Deploy a HDInsight Managed Kafka with Kafka connect standalone
In this section we would deploy an HDInsight Managed Kafka cluster with two edge nodes inside a Virtual Network and then enable Kafka Connect in standalone mode on one of those edge nodes.
- Click on the Deploy to Azure Button to start the deployment process
-
On the Custom deployment template populate the fields as described below. Leave the rest of their fields at their default entries
- Resource Group : Choose a previously created resource group from the dropdown
- Location : Automatically populated based on the Resource Group location
- Cluster Name : Enter a cluster name( or one is created by default)
- Cluster Login Name: Create a administrator name for the Kafka Cluster( example : admin)
- Cluster Login Password: Create a administrator login password for the username chosen above
- SSH User Name: Create an SSH username for the cluster
- SSH Password: Create an SSH password for the username chosen above
-
Check he box titled “I agree to the terms and conditions stated above” and click on Purchase.
-
Wait till the deployment completes and you get the Your Deployment is Complete message and then click on Go to resource.
- On the Resource group explore the various components created as part of the Deployment . Click on the HDInsight Cluster to open the cluster page.
- On the HDInsight cluster page click on the SSH+Cluster login blade on the left and get the hostname of the edge node that was deployed.
- Using an SSH client of your choice ssh into the edge node using the sshuser and password that you set in the custom ARM script.
Note: In this the Kafka Connect standalone mode you will need to make config changes on a single edge node.
- In the next sections we would configure the Kafka Connect standalone on a single edge node.
Configure Kafka Connect in Standalone Mode
Acquire the Zookeeper and Kafka broker data
- Set up password variable. Replace
PASSWORD
with the cluster login password, then enter the command
export password='PASSWORD'
- Extract the correctly cased cluster name
export clusterName=$(curl -u admin:$password -sS -G "http://headnodehost:8080/api/v1/clusters" | jq -r '.items[].Clusters.cluster_name')
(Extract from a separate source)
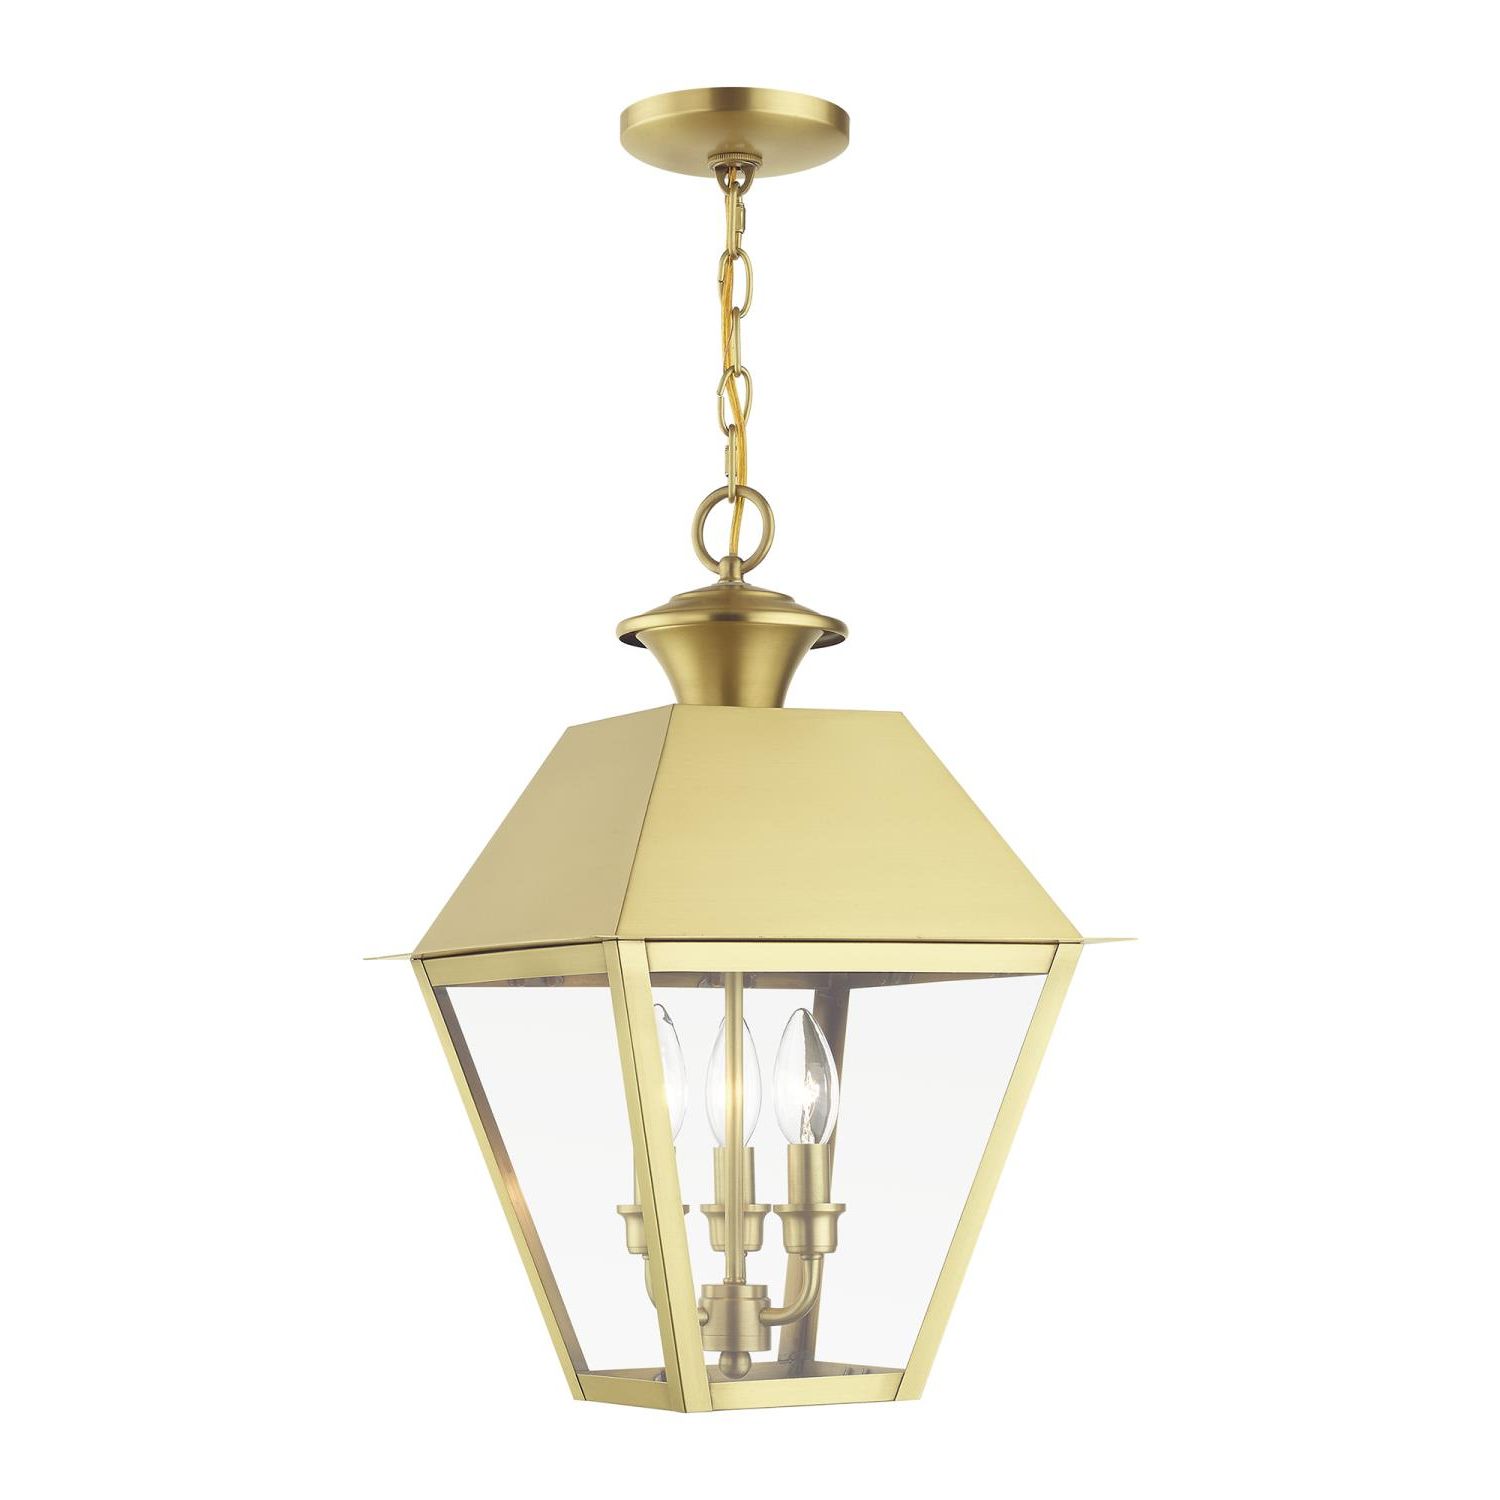 Most Recent Livex Lighting 3 Light Natural Brass Outdoor Large Pendant Lantern 27220 08  – Walmart With Regard To Natural Brass Lantern Chandeliers (View 12 of 15)
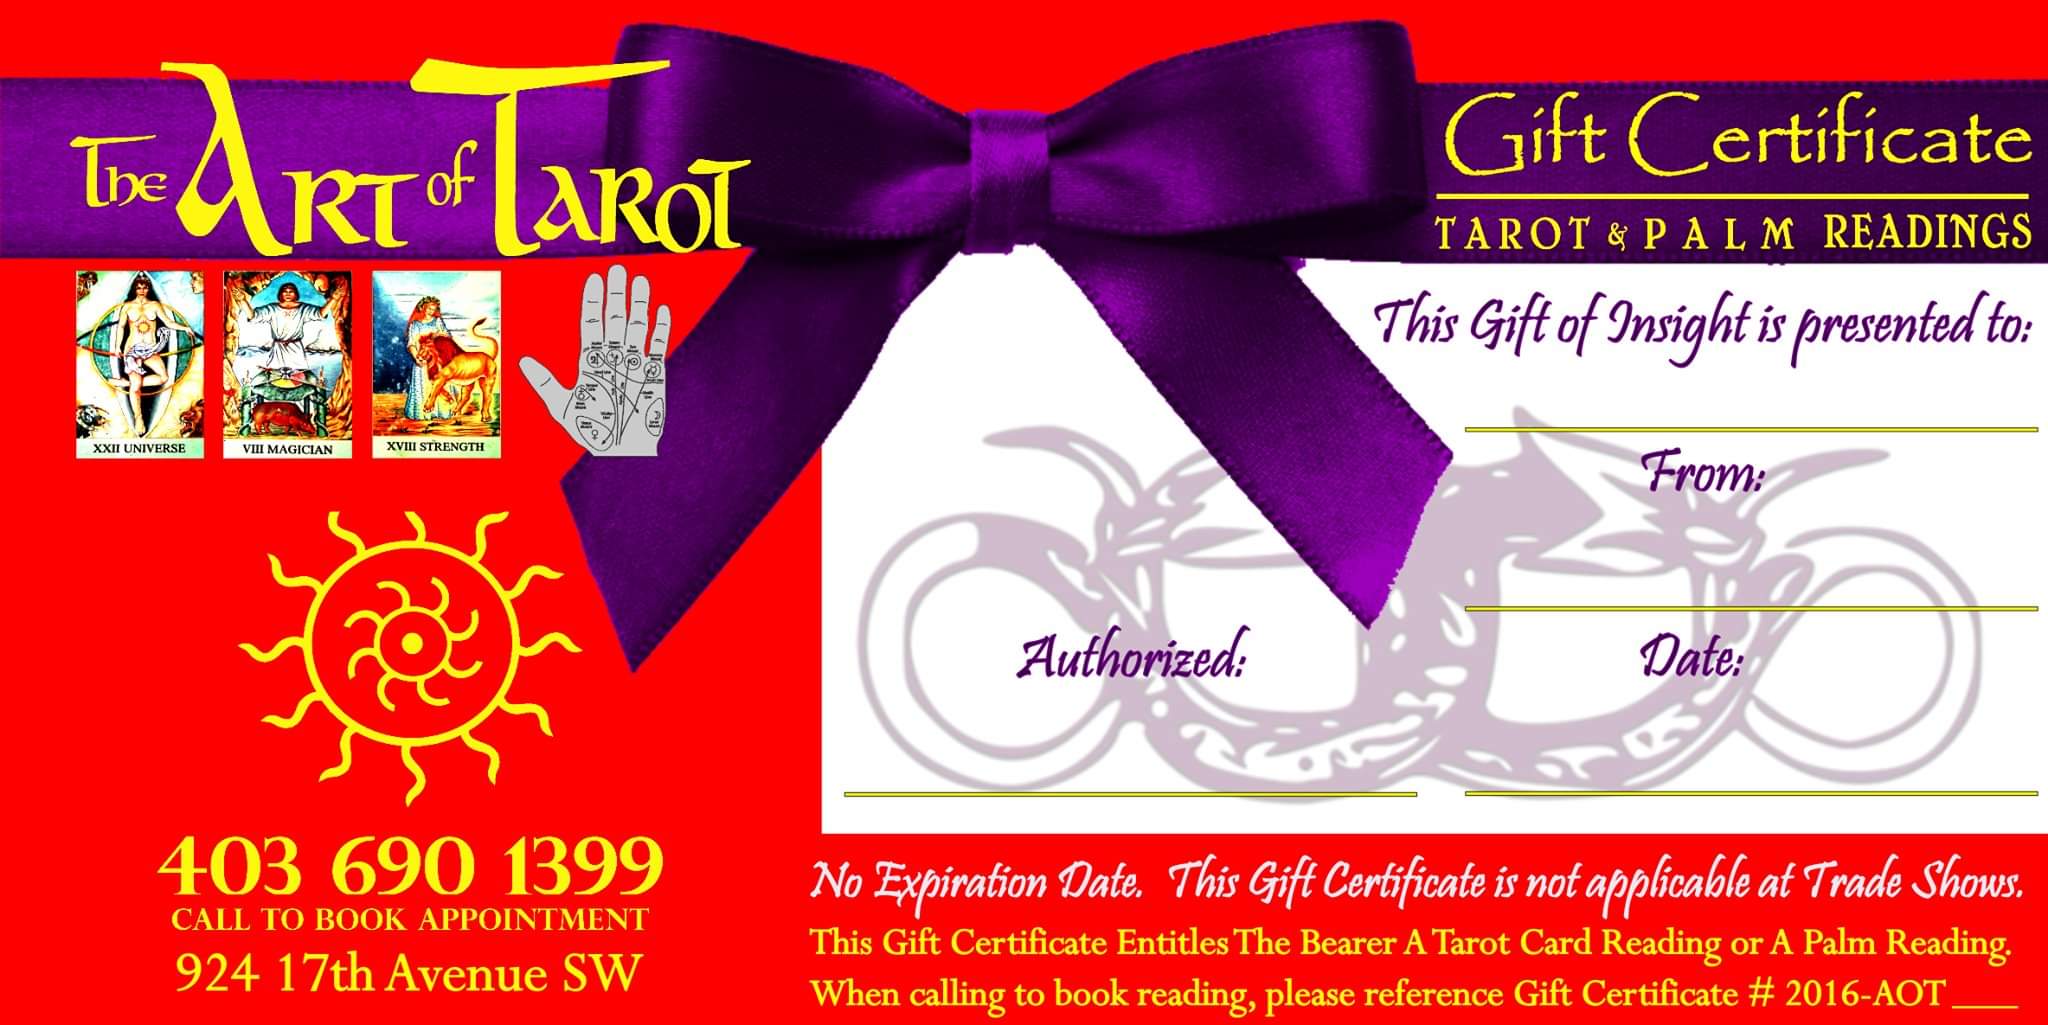 Art of Tarot Gift Certificates Blank Template - Imgflip With Regard To This Certificate Entitles The Bearer To Template

- Extract the Kafka Zookeeper hosts
export KAFKAZKHOSTS=$(curl -sS -u admin:$password -G https://$clusterName.azurehdinsight.net/api/v1/clusters/$clusterName/services/ZOOKEEPER/components/ZOOKEEPER_SERVER | jq -r '["(.host_components[].HostRoles.host_name):2181"] | join(",")' | cut -d',' -f1,2);
- Validate the content of the
KAFKAZKHOSTS
variable
echo $KAFKAZKHOSTS
- Zookeeper values appear in the below format . Make a note of these values as they will be used later
zk1-ag4kaf.q2hwzr1xkxjuvobkaagmjjkhta.gx.internal.cloudapp.net:2181,zk2-ag4kaf.q2hwzr1xkxjuvobkaagmjjkhta.gx.internal.cloudapp.net:2181
- To extract Kafka Broker information into the variable KAFKABROKERS use the below command
export KAFKABROKERS=$(curl -sS -u admin:$password -G https://$clusterName.azurehdinsight.net/api/v1/clusters/$clusterName/services/KAFKA/components/KAFKA_BROKER | jq -r '["(.host_components[].HostRoles.host_name):9092"] | join(",")' | cut -d',' -f1,2);
- Check to see if the Kafka Broker information is available
echo $KAFKABROKERS
- Kafka Broker host information appears in the below format
wn1-kafka.eahjefyeyyeyeyygqj5y1ud.cx.internal.cloudapp.net:9092,wn0-kafka.eaeyhdseyy1netdbyklgqj5y1ud.cx.internal.cloudapp.net:9092
Configure Kafka Connect in standalone mode
-
To run Kafka Connect in standalone mode one needs to look at two important files.
-
connect-standalone.properties
: Located at /usr/hdp/current/kafka-broker/bin -
connect-standalone.sh
: Located at /usr/hdp/current/kafka-broker/bin
Note : The reason we create two copies of the connect-standalone. properties file below is to separate the rest.port property to different ports. If you do not do this , you will run into a rest.port conflict when you try creating the connectors.
- Copy the
connect-standalone.properties
toconnect-standalone.properties-1
and populate the properties as shows below.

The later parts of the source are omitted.